▸ EXERCISE INPUT:
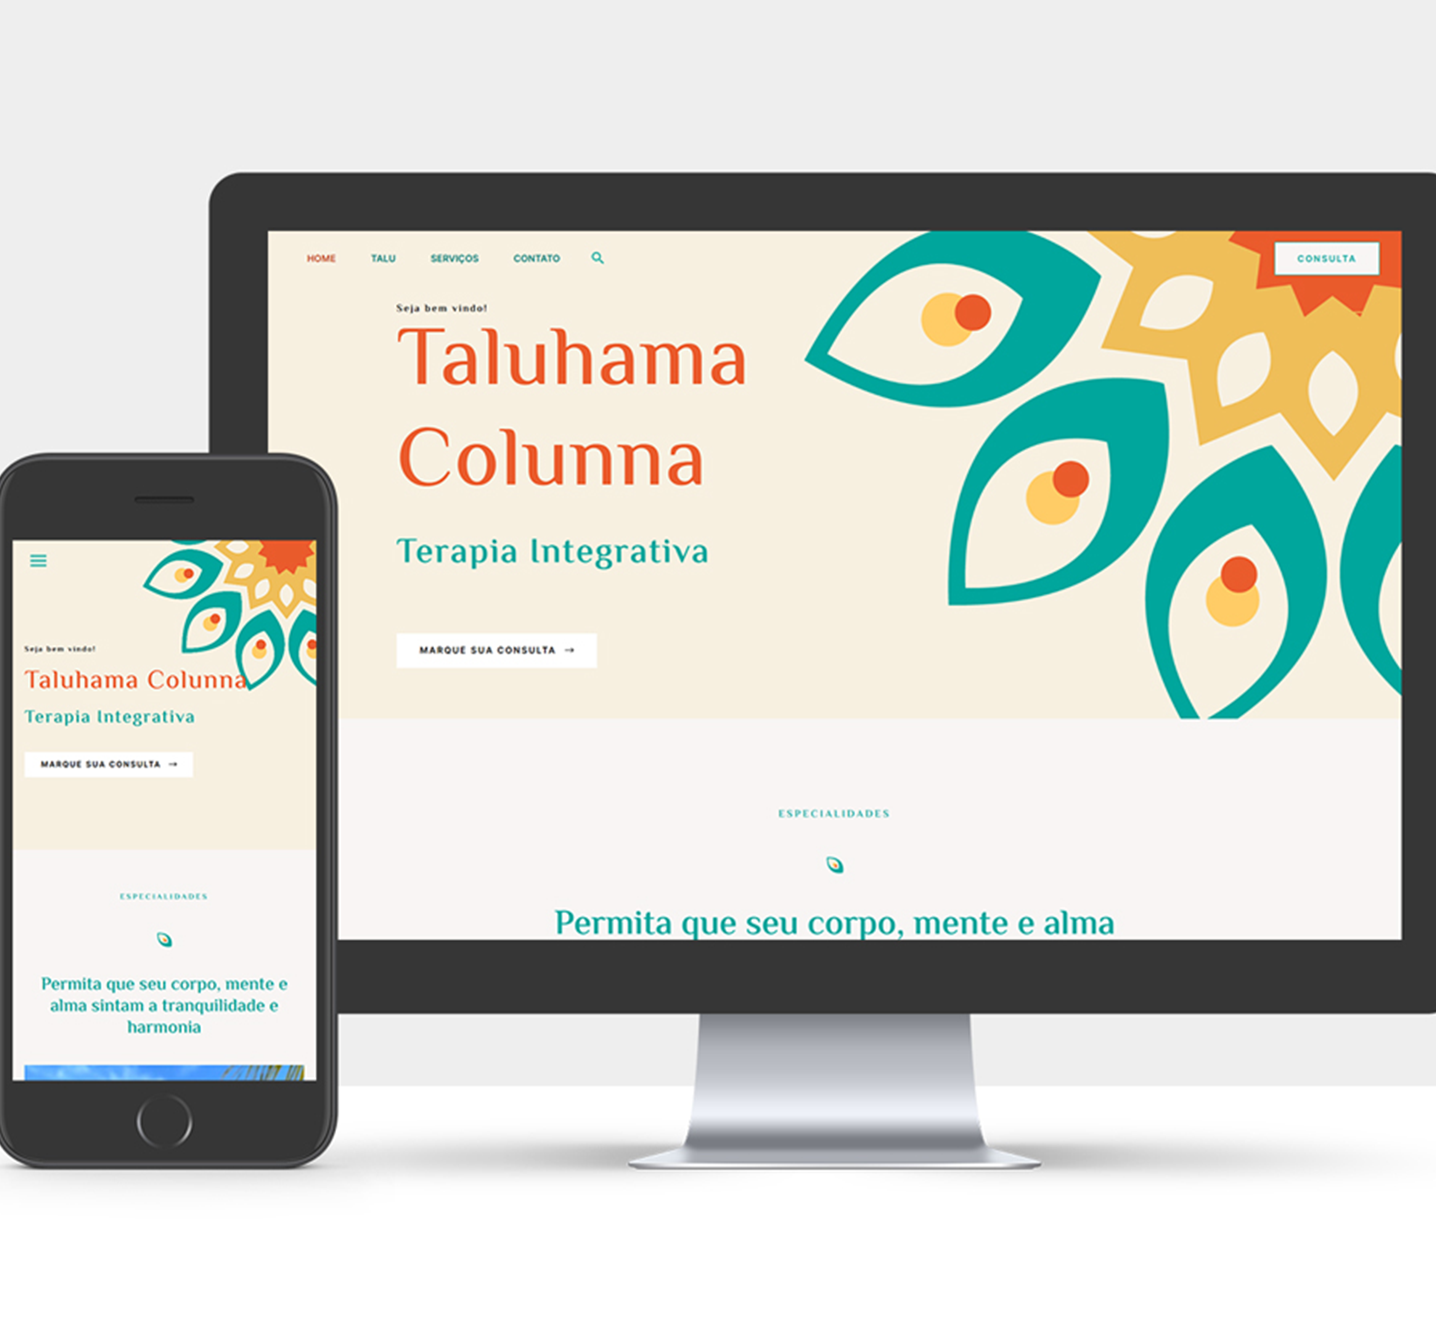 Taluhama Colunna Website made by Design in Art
* * *
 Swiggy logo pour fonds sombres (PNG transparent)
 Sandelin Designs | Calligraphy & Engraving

▸ WHAT IS REQUIRED:
Output exactly one stretch of the listing: from the line containing "Swiggy logo pour" through the line containing "Sandelin Designs | Calligraphy & Engraving", both end lines included.

▸ SOLUTION TO THIS TASK:
 Swiggy logo pour fonds sombres (PNG transparent)
 Sandelin Designs | Calligraphy & Engraving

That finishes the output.